Thank you very much for your help!
pip freeze result
aiofiles==23.2.1
aiohappyeyeballs==2.4.3
aiohttp==3.10.10
aiosignal==1.3.1
annotated-types==0.7.0
anyio==4.5.0
async-timeout==4.0.3
attrs==24.2.0
certifi==2024.8.30
charset-normalizer==3.4.0
click==8.1.7
contourpy==1.1.1
cycler==0.12.1
datasets==3.0.1
dill==0.3.8
exceptiongroup==1.2.2
fastapi==0.115.2
ffmpy==0.4.0
filelock==3.16.1
fonttools==4.54.1
frozenlist==1.4.1
fsspec==2024.6.1
gradio==4.44.1
gradio-client==1.3.0
h11==0.14.0
httpcore==1.0.6
httpx==0.27.2
huggingface-hub==0.25.2
idna==3.10
importlib-resources==6.4.5
jinja2==3.1.4
joblib==1.4.2
kiwisolver==1.4.7
markdown-it-py==3.0.0
MarkupSafe==2.1.5
matplotlib==3.7.5
mdurl==0.1.2
multidict==6.1.0
multiprocess==0.70.17
numpy==1.24.4
orjson==3.10.7
packaging==24.1
pandas==2.0.3
pillow==10.4.0
prettytable==3.11.0
propcache==0.2.0
pyarrow==17.0.0
pydantic==2.9.2
pydantic-core==2.23.4
pydub==0.25.1
pygments==2.18.0
pyparsing==3.1.4
python-dateutil==2.9.0.post0
python-multipart==0.0.12
pytz==2024.2
PyYAML==6.0.2
regex==2024.9.11
requests==2.32.3
rich==13.9.2
ruff==0.6.9
sacremoses==0.1.1
safetensors==0.4.5
scikit-learn==1.3.2
scipy==1.10.1
semantic-version==2.10.0
shellingham==1.5.4
six==1.16.0
sniffio==1.3.1
starlette==0.39.2
threadpoolctl==3.5.0
tokenizers==0.9.4
tomlkit==0.12.0
torch==1.7.1+cu110
torchtyping==0.1.5
tqdm==4.66.5
transformers==4.2.1
typeguard==2.13.3
typer==0.12.5
typing-extensions==4.12.2
tzdata==2024.2
urllib3==2.2.3
uvicorn==0.31.1
wcwidth==0.2.13
websockets==12.0
xxhash==3.5.0
yarl==1.15.1
zipp==3.20.2
Hi,
It looks like the dependency is the same as our experiment setting and the hardware shouldn't cause that much of a difference. Unfortunately I am also not sure what caused the difference.... have you tried testing the RoBERTa first-last avg?
@gaotianyu1350
Thanks for the prompt response!
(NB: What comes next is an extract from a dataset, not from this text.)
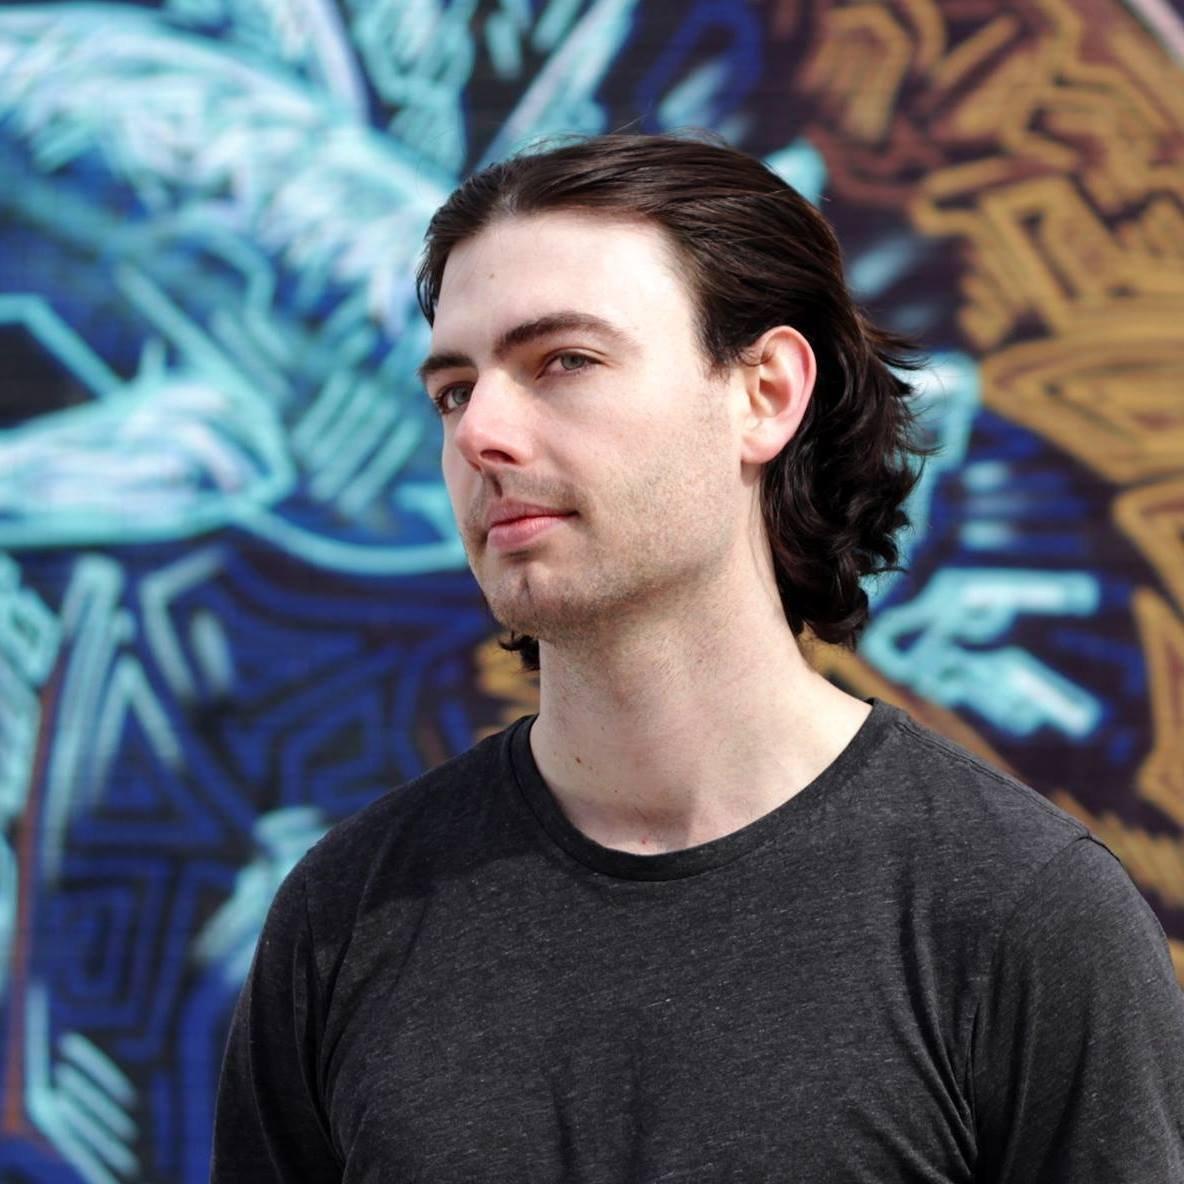 Waxman profile picture

Also could not reproduce the results for the RoBERTa first-last avg.
It turned out that due to the logic change in first-last avg pooling in this commit, it seems that the current codebase cannot reproduce the result for the models which use first-last avg (like BERT or RoBERTa).
After rolling back the codebase (just simply use the static word embedding layer instead of the contextualized embeddings from first layer), I can successfully reproduce the STS results shown in the paper.
It would be very nice if you could add some notes in README or your paper about this discrepancy for those who are/will be trying to reproduce the result! :)
Hi,
Thanks for figuring it out!! Yeah it makes sense that using the contextual embedding improves the result. I'll add a note to the readme.
Thank you for updating README! Closing this issue.